Not many creative businesses are feeling good at present, and the design industry is no exception. Yet beneath its gloomy disposition are several important issues.
Are the bigger boys increasing their market share, as in theory might be expected in a recession, or are they losing ground? Does bigness provide a competitive advantage? Or can it also prove a competitive disadvantage? And which specialisations are likely to be most recession-proof?
It’s no coincidence that some of the biggest consultancies have specialised in certain types of big budget work. Fitch was built on a specialisation in interior and retail design. Imagination focused on events and similar projects. Interbrand and Wolff Olins benefited from major branding and corporate identity work.
They all had one thing in common – a requirement for much more than talented graphic design. They needed other skills, as well as the ability to reach out to a wide variety of locations on behalf of their clients. This breadth of resource became a competitive advantage, as it was harder for small consultancies to put together such a comprehensive offer. It also helped justify high fees when compared to the simpler process of packaging design, for example.

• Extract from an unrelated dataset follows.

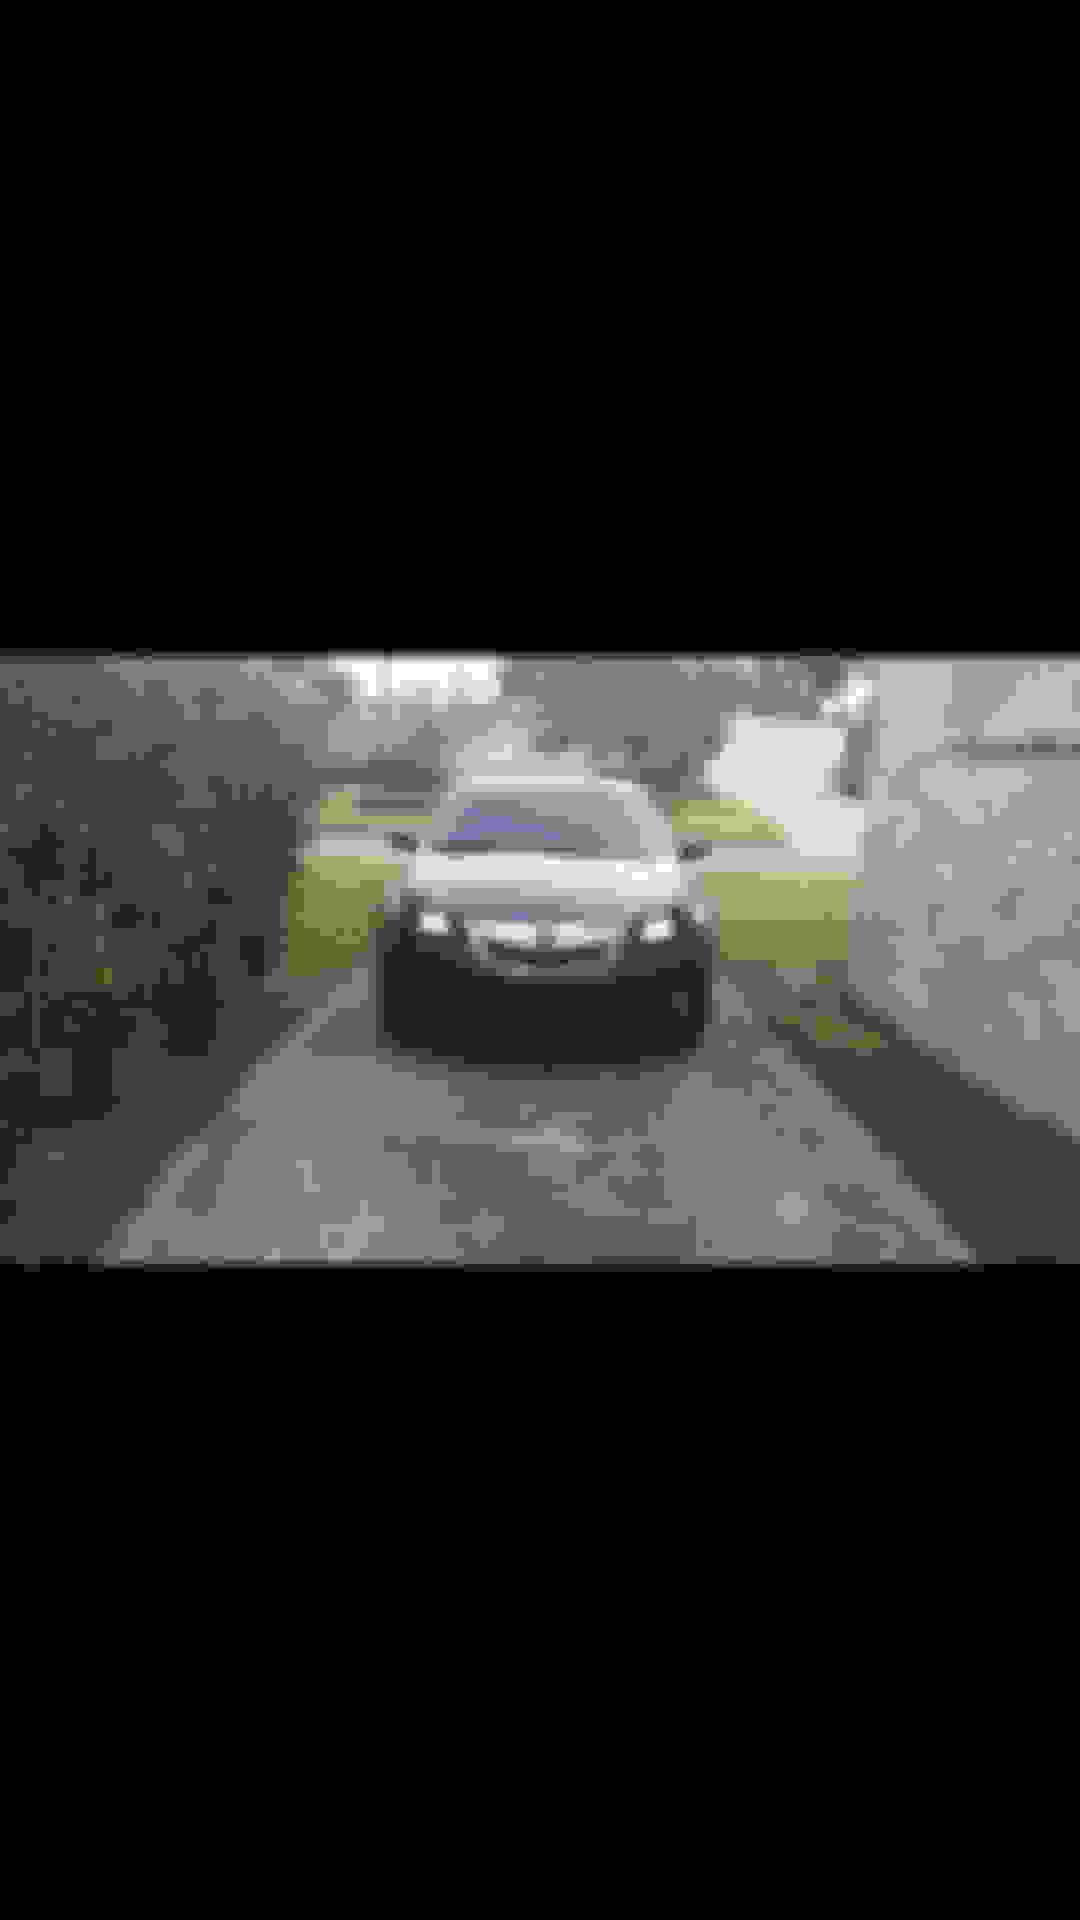 Auto Idle Stop: ANNOYING - AcuraZine - Acura Enthusiast

Yet the very nature of those consultancies’ expertise is also their Achilles heel. In recessionary times, clients are far more cautious about committing big bucks to projects that may not deliver an immediate return to the bottom line. It’s easier to defer the roll-out of a new retail design or a corporate identity project – on grounds of cost and timing – than to cancel modestly budgeted new packaging for a product that’s ready for a fresher look.
So, it should have come as no surprise to hear WPP Group boss Sir Martin Sorrell bewailing the state of his branding and identity businesses last year.

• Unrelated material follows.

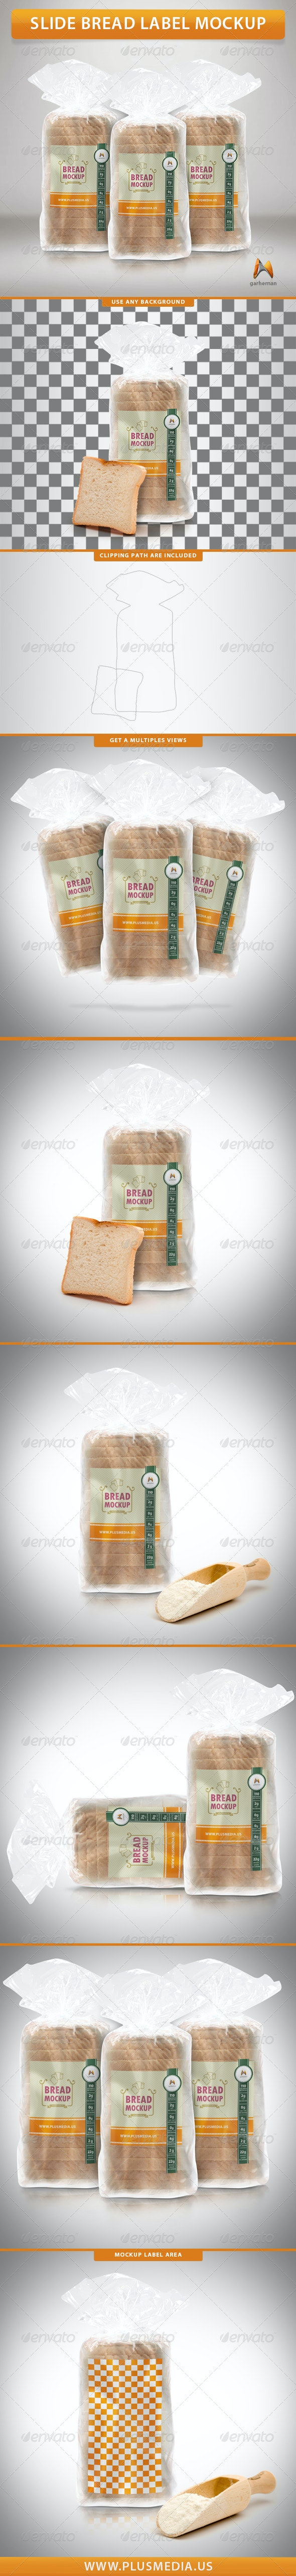 Slide Bread Label Mockup - Food and Drink Packaging

Looking at how a sample of the larger consultancies were faring a year or so ago, there were clear signs that activity was on the decline and profit margins being squeezed. Year-on-year gross profit margins had fallen by 5 per cent while operating profit margins (operating profit as a percentage of revenue) had slumped by 58 per cent. Worst hit were Interbrand and Wolff Olins, both of whom had jumped aboard the massive Omnicom omnibus, only to see their revenues and profits decline.
The situation cannot have been helped by one or two well-publicised cases where branding and corporate identity consultancies produced work that left both clients and the public bewildered about its real benefits. It’s hard enough persuading clients to fork out on identity work during a recession without also having to counter wider scepticism about its value.
Where does all this leave the smaller design consultancy or those contemplating starting up on their own? Some crumbs may be handed down from the big players whose clients are determined to cut the costs of the simpler graphic design assignments. But at the same time, there will be an increasing number of good designers available to do that work, including those who have left the big consultancies – either because they abhor the large company environment or because the large company abhorred them. They add capacity to an already crowded market, even if they simply work freelance.
The really difficult decision for the multinational holding companies is whether or not to merge their various design businesses in order to achieve operating economies. Cordiant Communications Group has already announced such a move as it first pulled together PSD and Bamber Forsyth under the Fitch banner, and is now planning to bring all its design brands into the Fitch London reporting line. Was that client-driven or profit-driven?
The clue is in CCG’s half-year profits announcement: ‘Revenues decreased by 17.2 per cent on an underlying basis in the first six months, reflecting reduced activity levels in branding and design and business communications, particularly in North America.’
That reorganisation seems nothing more than a rationalisation of some problematical businesses. Yet good consultancies seem to thrive best by preserving something of the cottage industry ethos in which they were brought up, rather than by thrusting them altogether.
WPP also seems to have started down the road of consolidation by collecting its various consultancies under just two umbrella brands – Enterprise IG and The Brand Union – but so far the individual businesses have retained their own identities.
The most obvious cases for merger are under-performing consultancies that offer a similar service. If recession lingers on, might Omnicom force a marriage between the two fiercely competitive identity businesses of Interbrand and Wolf Olins? The fallout would almost certainly involve some very talented people and some highly valued clients.
At the bottom end of the market, over-capacity and price competition will continue to undermine profitability – a situation exacerbated as new start-ups emerge. At the top end, resource-hungry consultancies will remain vulnerable to the economic cycle and the current reluctance of clients to invest in big-ticket projects.
The battle for market share is likely to be played out at both ends of the scale. There’s no easy answer to whether smaller independents can profit at the expense of bigger players. It’s not that simple. The only real winners will be those with the greatest design talent, the greatest ability to deliver what clients want, and the strongest entrepreneurial management.